SORRY – YOUTUBE HAS REMOVED IT. WE HOPE YOU WILL SEEK IT SOMEWHERE ELSE. PETER SCHWEIZER IS THE BEST SOURCE OF THE FACTS OF THE MATTER.

John Solomon wrote at The Hill on April 1, 2019:

Two years after leaving office, Joe Biden couldn’t resist the temptation last year to brag to an audience of foreign policy specialists about the time as vice president that he strong-armed Ukraine into firing its top prosecutor.

In his own words, with video cameras rolling, Biden described how he threatened Ukrainian President Petro Poroshenko in March 2016 that the Obama administration would pull $1 billion in U.S. loan guarantees, sending the former Soviet republic toward insolvency, if it didn’t immediately fire Prosecutor General Viktor Shokin.

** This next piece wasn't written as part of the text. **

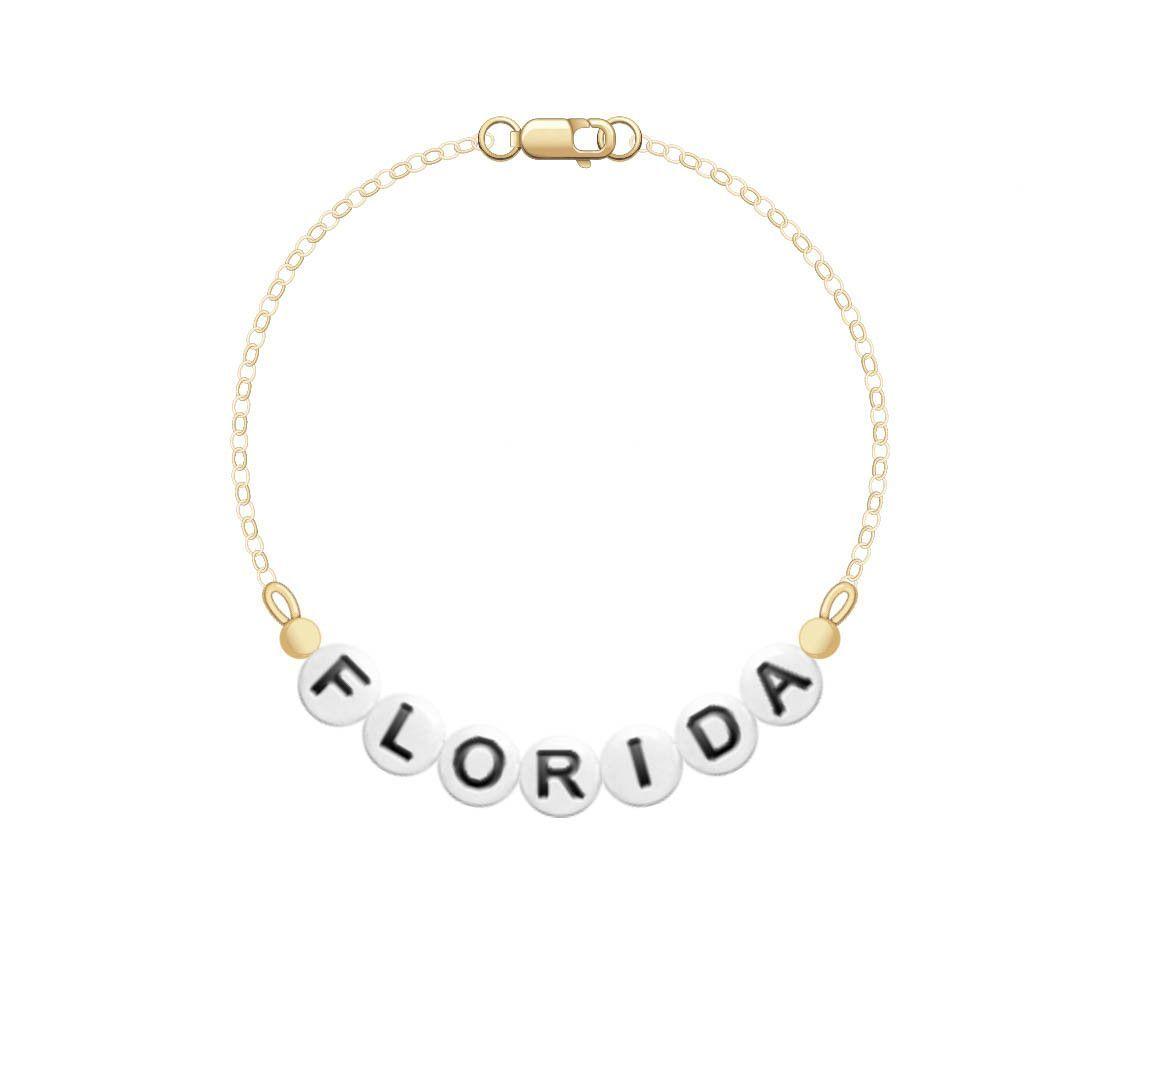 Florida bracelet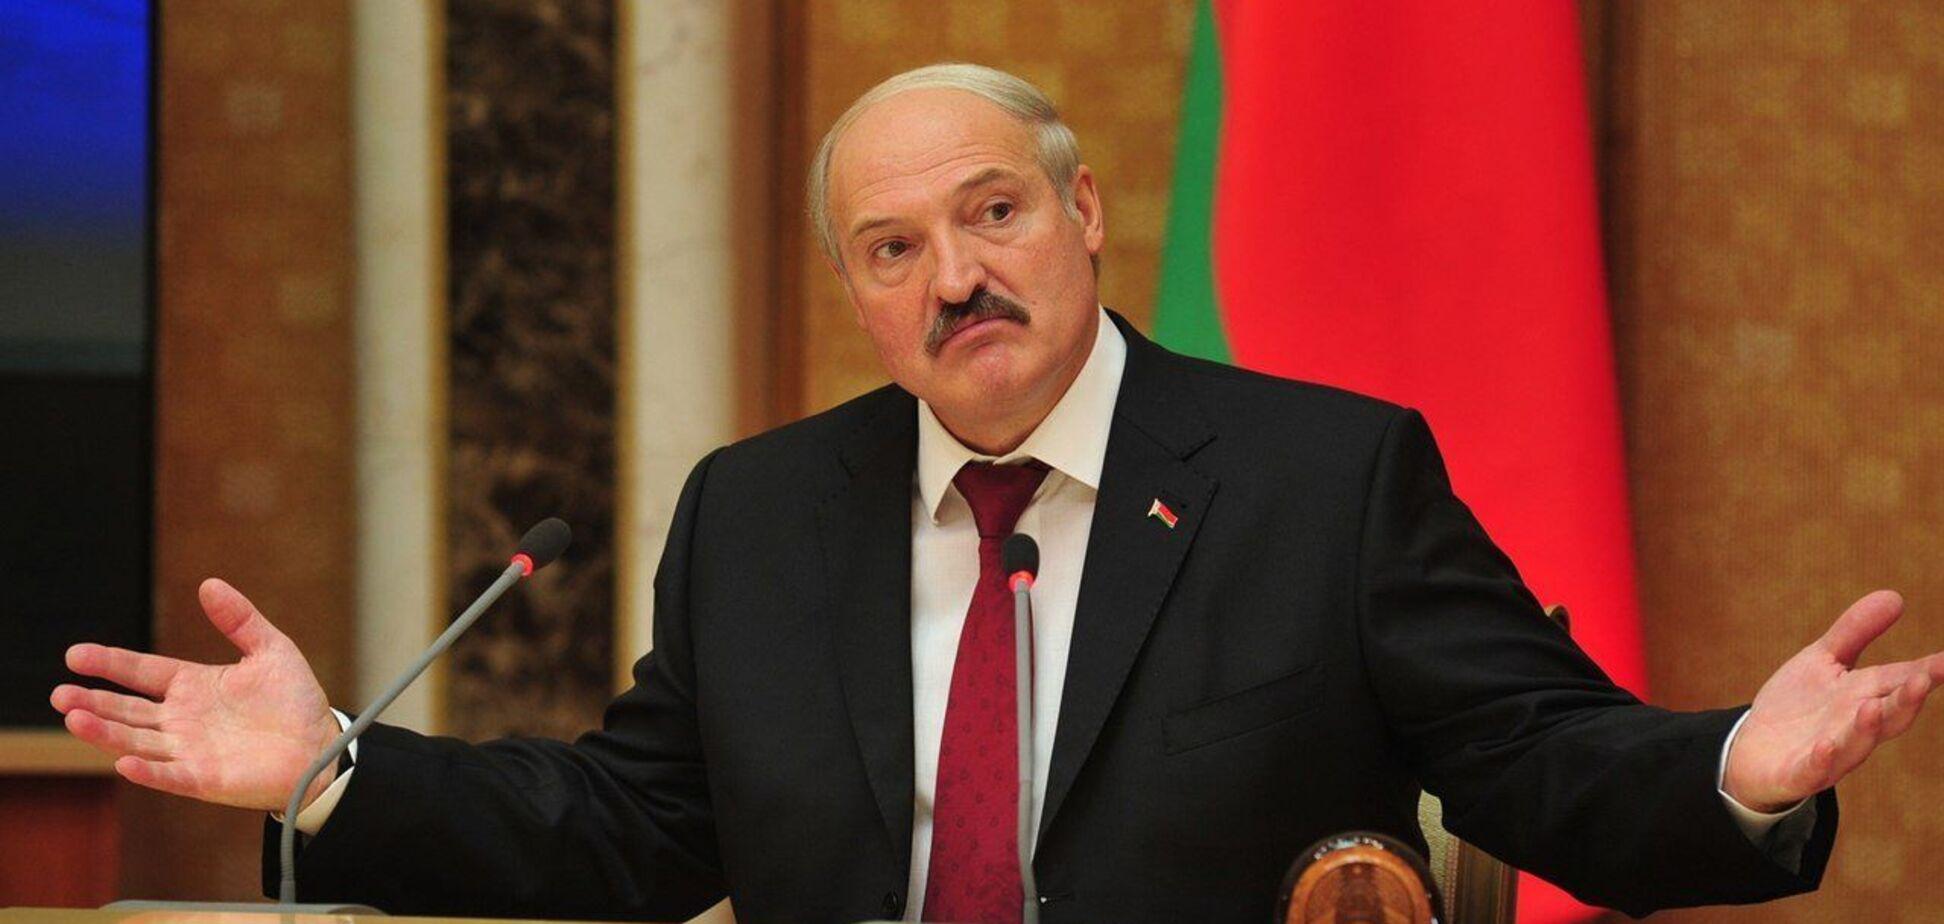 Самоназванный президент Беларуси Александр Лукашенко

“I said, ‘You’re not getting the billion.’ I’m going to be leaving here in, I think it was about six hours. I looked at them and said: ‘I’m leaving in six hours. If the prosecutor is not fired, you’re not getting the money,’” Biden recalled telling Poroshenko.

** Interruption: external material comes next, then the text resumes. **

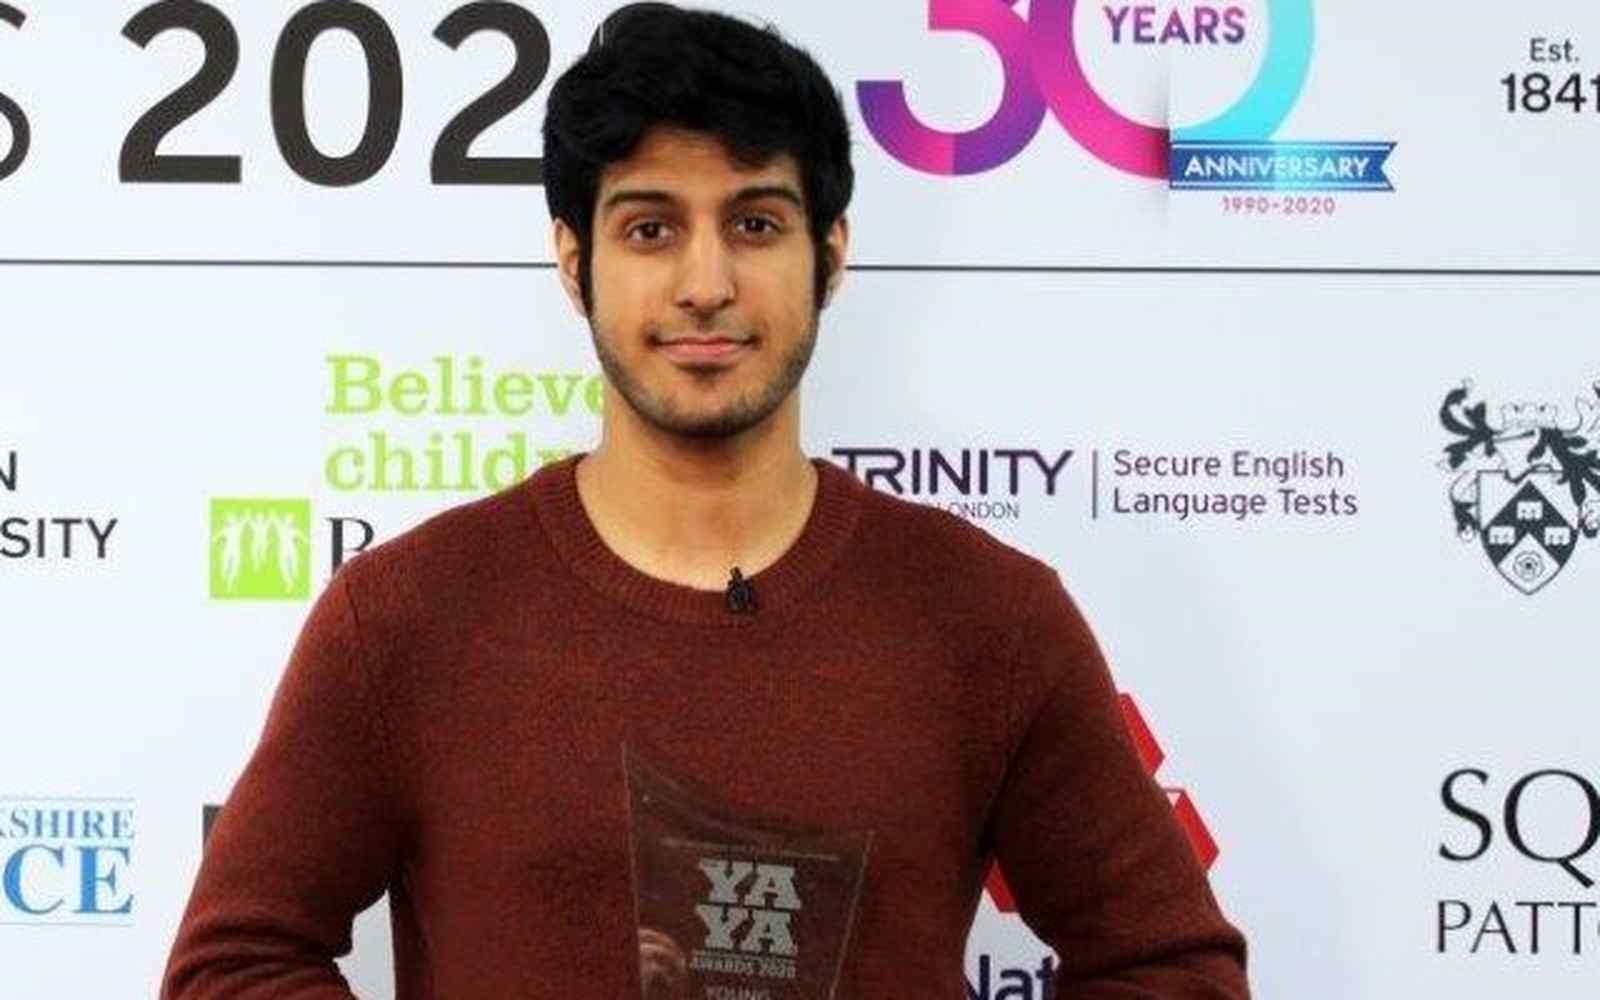 YAYA Awards winner with sculpture trophy in hands

“Well, son of a bitch, he got fired. And they put in place someone who was solid at the time,” Biden told the Council on Foreign Relations event, insisting that President Obama was in on the threat.

Interviews with a half-dozen senior Ukrainian officials confirm Biden’s account, though they claim the pressure was applied over several months in late 2015 and early 2016, not just six hours of one dramatic day. Whatever the case, Poroshenko and Ukraine’s parliament obliged by ending Shokin’s tenure as prosecutor. Shokin was facing steep criticism in Ukraine, and among some U.S. officials, for not bringing enough corruption prosecutions when he was fired.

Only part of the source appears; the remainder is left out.